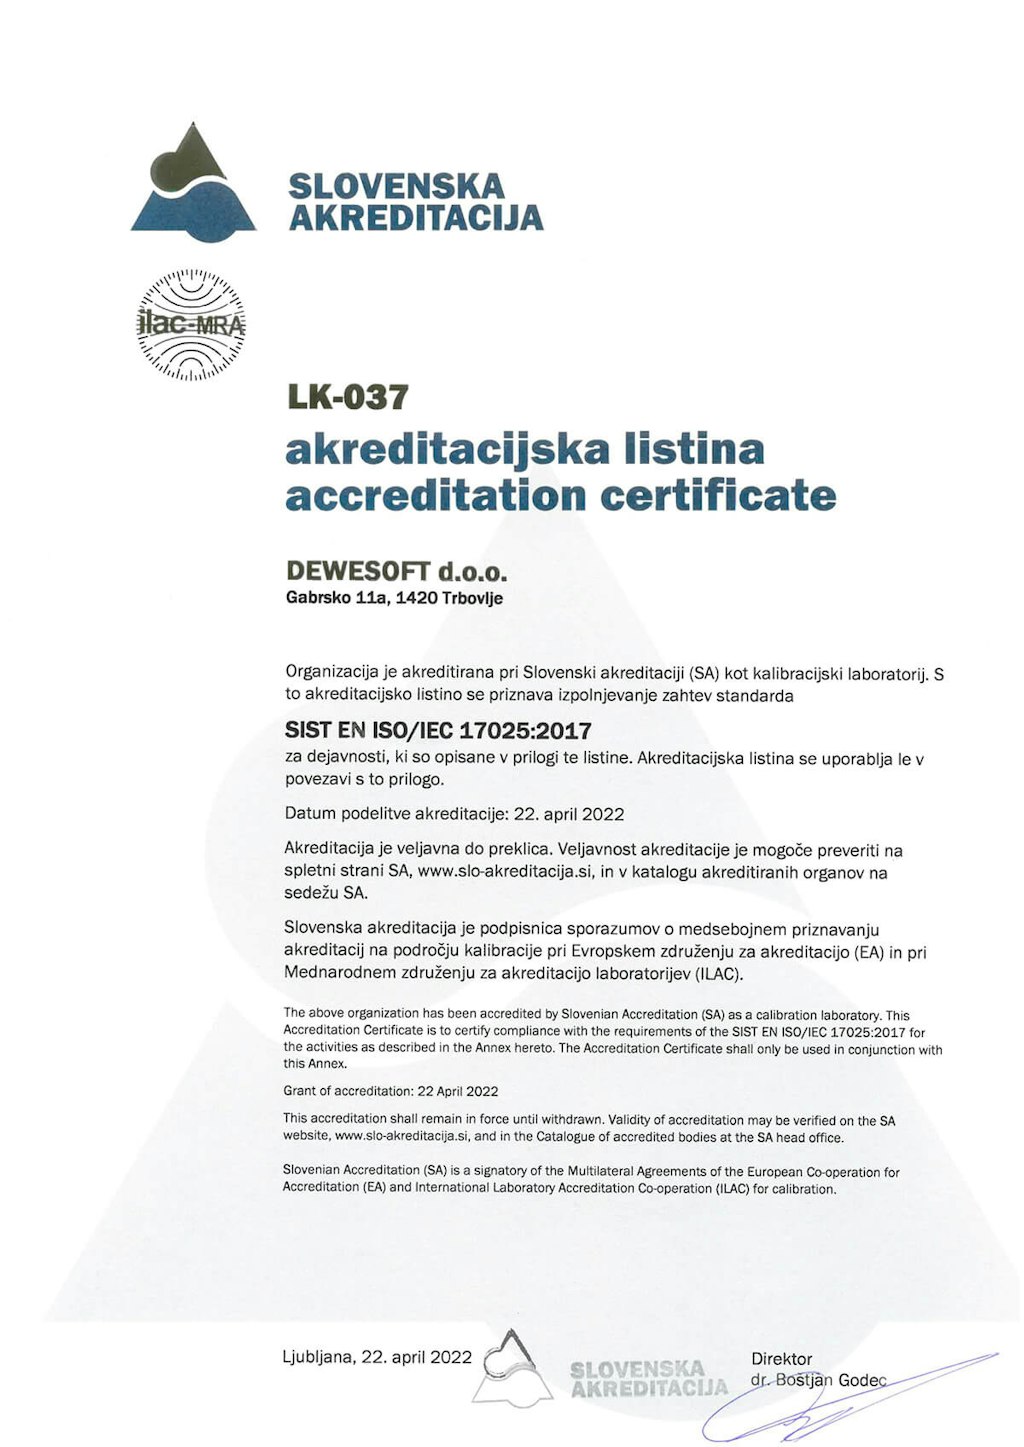 Accreditation certificate for Dewesoft laboratory
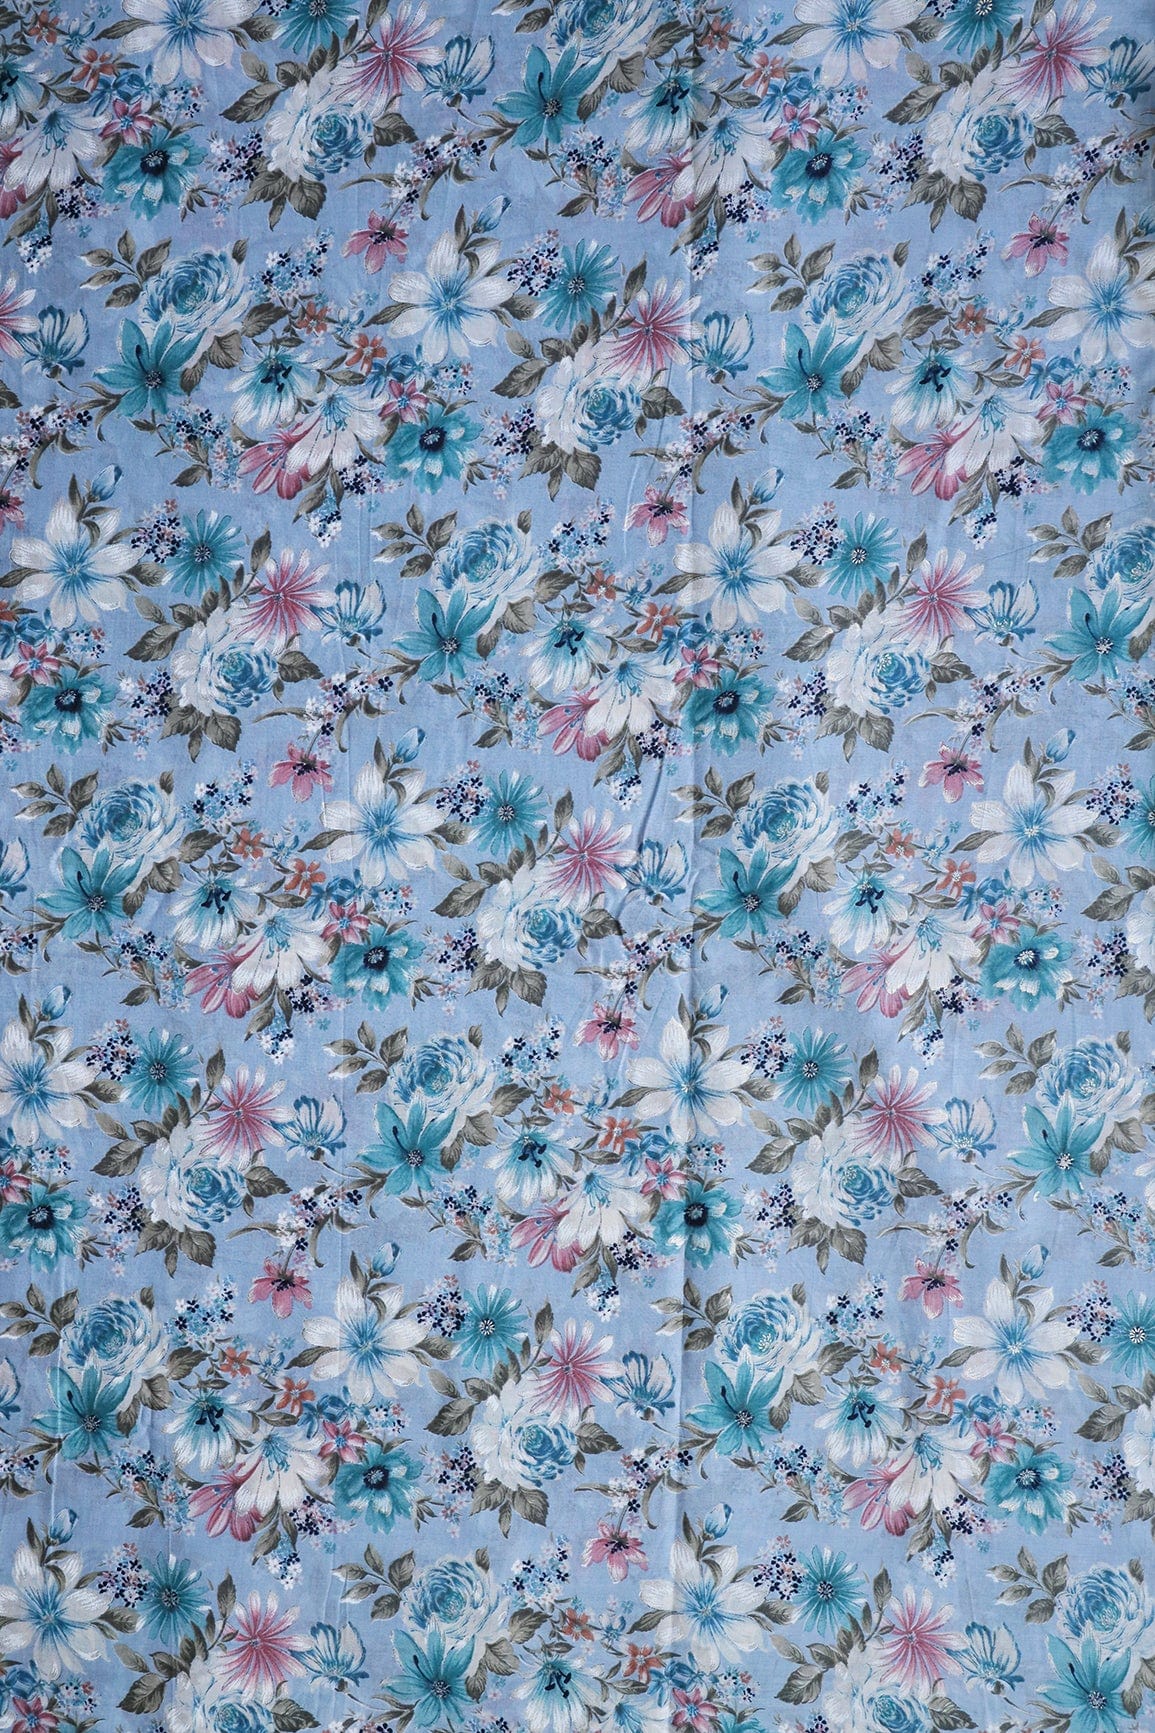 doeraa Prints Pastel Blue And White Color Floral Foil Print On Pure Mul Cotton Fabric
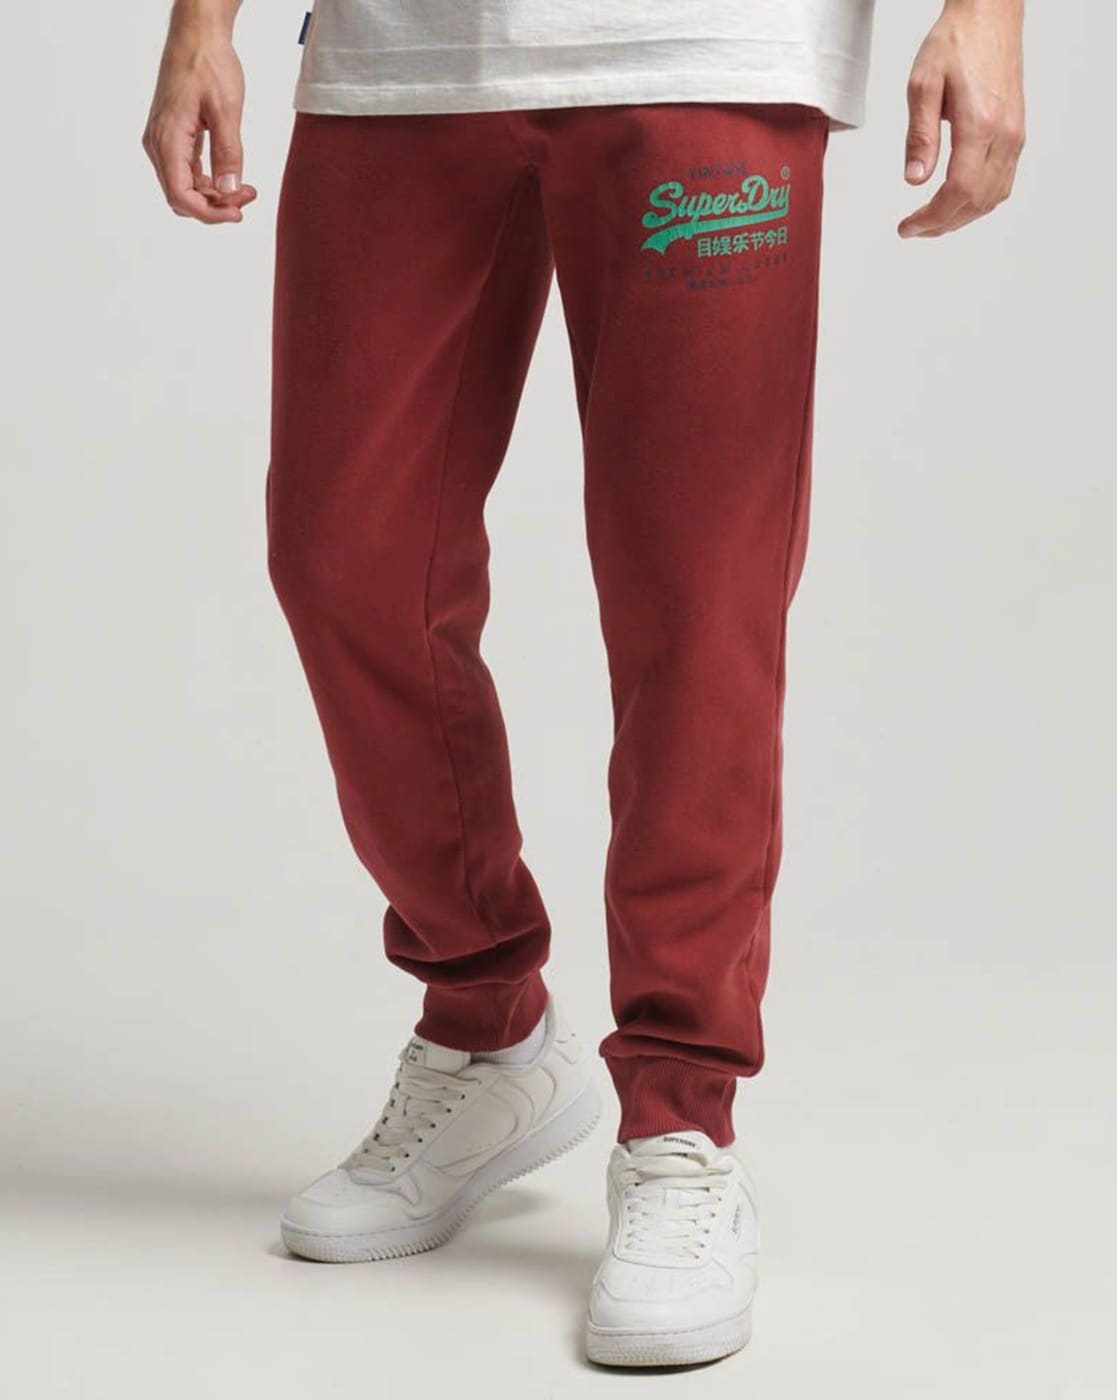 Buy Red Track Pants for Men by SUPERDRY Online
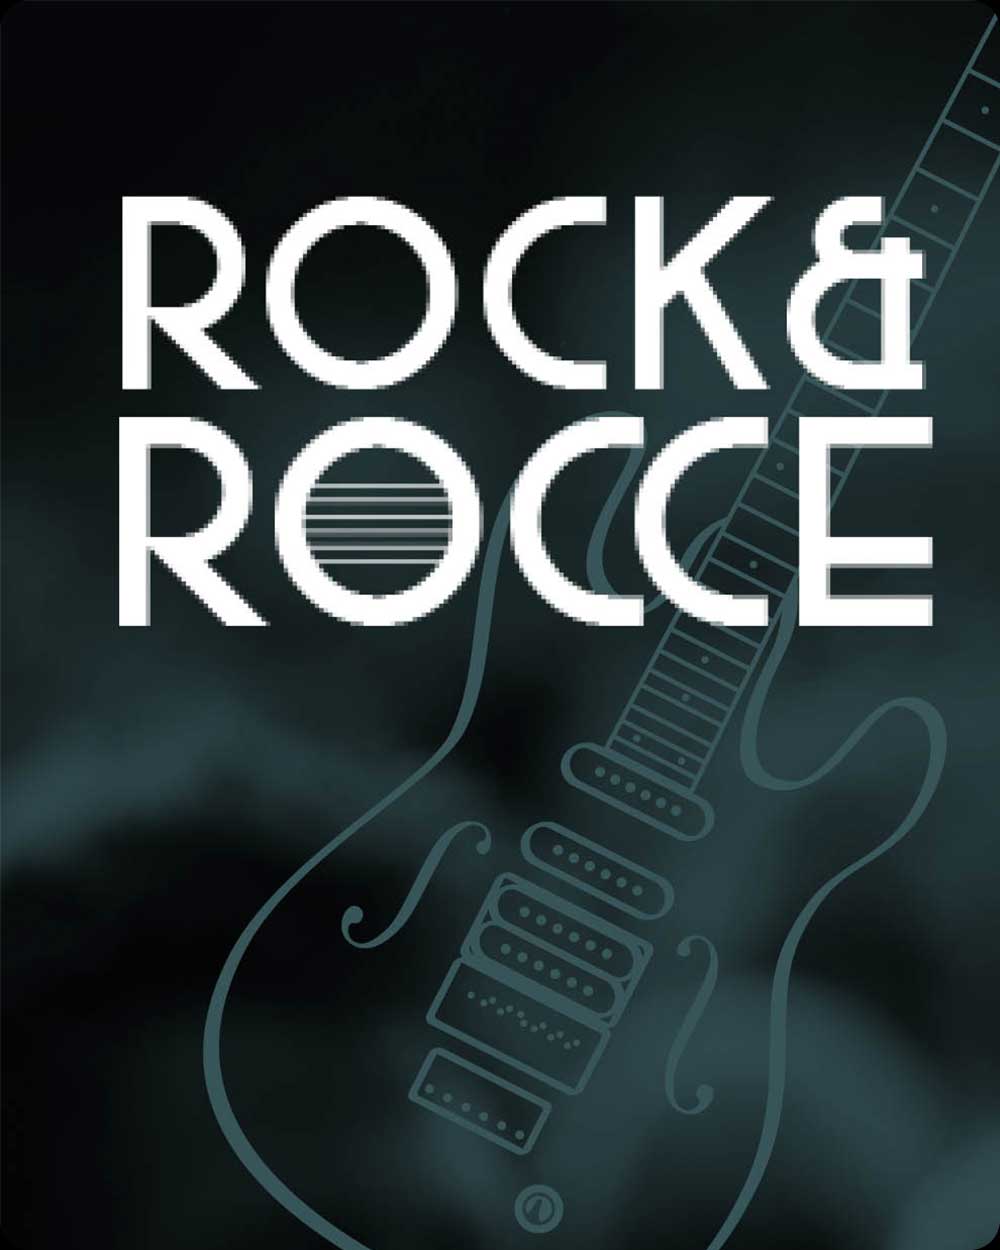 Rock & rocce

## To do
Copy, exactly and exclusively, the lines beginning with the one that contains "Buy Red Track" and ending with the last line of the listing; pictures are to be omitted.

## Output of the task
 Buy Red Track Pants for Men by SUPERDRY Online
 Rock & rocce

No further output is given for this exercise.